Now that consensus is gone. Nature as a reference point, as a shared condition, has disappeared from the lived experience of many. Suddenly, we find ourselves adrift, deprived of context, and devoid of connection to the immensity of the nonhuman world. (In terms of our understand of ourselves, it matters whether god made the world 5,000 years ago, or Nature slowly, over billions of years, wove the immensely complex and fragile ecosystems we inhabit!) The risk is that without deep and abiding experiences of, and everyday connection to, the global ecosystem we call Nature, in all of its life and death complexity, we will lose our individual and collective souls.
Michael, I feel a call to respond, but when I started I realized that I need to outline your reasoning and ponder it for a day or two. I don’t disagree with anything you say, I am only searching for how I understand it from my cultural perspective.
Pat, I will look forward to your comments, whether you agree with me or not!
You are lucky to live close to the nature and by that also being able to follow the law of nature, Michael 🙂
Nature can seem tough, when you are not used to this. I find it sad, that many live inside the city or towns and don’t get out in the nature. They really loose so much, by not being close to the nature and natural life.
Today, many kids don’t know, where the milk, eggs, meat etc. come from, more than from the supermarket, this is sad. I hope, this will change.
Irene, it is lovely living in a profoundly rural, agrarian place like Vermont. W e have such fine life, with nature, working farms (although they are declining), and a rich and diverse cultural life. It is a blessing!
I love natural areas too Michael and have lived many of my years outside cities by same reason.
For awhile we lived in Humboldt County here in Calfiornia. Very rural. Very different from the sort of city life I’m used to, grew up in. It changed the way I feel about life and death, nature and connection. I felt whole and everything was good. Everythig was okay. This is another lovely peace. /Jamie
Thank you, Jamie. I, too, lived in Humboldt County for a while (in the seventies). It was a life changing time for sure. Over the course of two years I moved from southwestern Ohio to grad school in arid, northern New Mexico, to a job in Eureka. What a mind altering experience that was! I was deeply blessed.
Not all will evolve well, Michael. We see that in the crazy that is happening in the world. People cannot take this and resist. We have a long way to go to find balance in such turbulence, in this unreal reality.

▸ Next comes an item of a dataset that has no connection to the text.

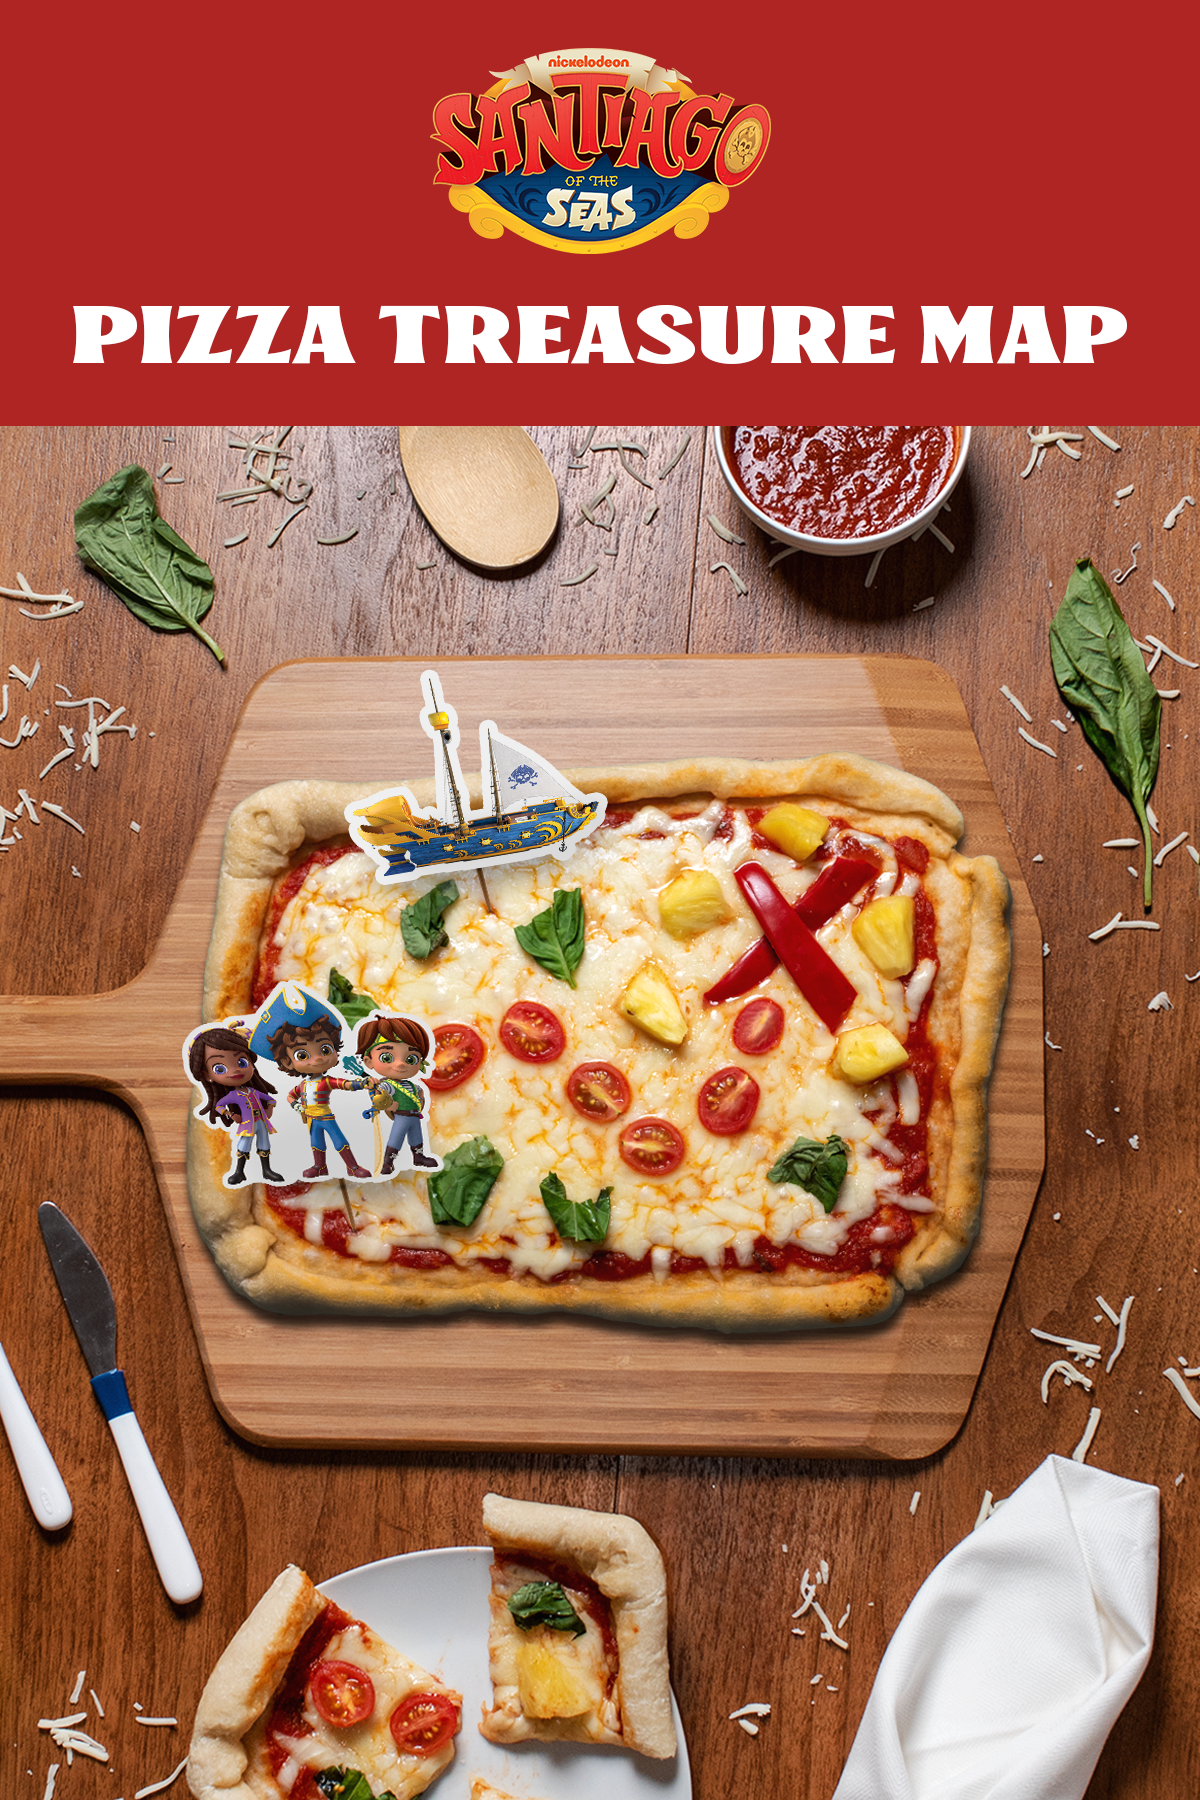 Santiago of the Seas Pizza Treasure Map 2x3

Lara, You are, of course, right. Our all too real experience is unfathomable. That is, of course, an all too human experience in and of itself. Yet we are called to seek balance. Maybe we will have to journey to the sixth world before we can regain sanity. Sigh.
At the Land Trust retreat I went to last week, there was a presentation about partnering with health institutions. Addressing the disconnect from Nature can be “marketed” as a health and wellness issue. But I squirm when Nature is relegated to how it can be relevant and beneficial for humans. What about its intrinsic value? Still, beginning the dialogue from common ground is useful. Yes, Nature can address many of the problems facing this drifting, tech-savvy but impoverished culture: food wastelands, stress, obesity, depression, etc. Begin there, and then explore Nature for its own sake. It is enough for all time.
Priscilla, we have fallen into the pit where everything is given an economic rating. That hole is very deep, and oh so dangerous. We do the same with people. At some point that breeds great physical violence. Nature will abide our hubris and be here long after we are gone….. In the meanwhile, let we who are willing, be radical and be with her and ourselves.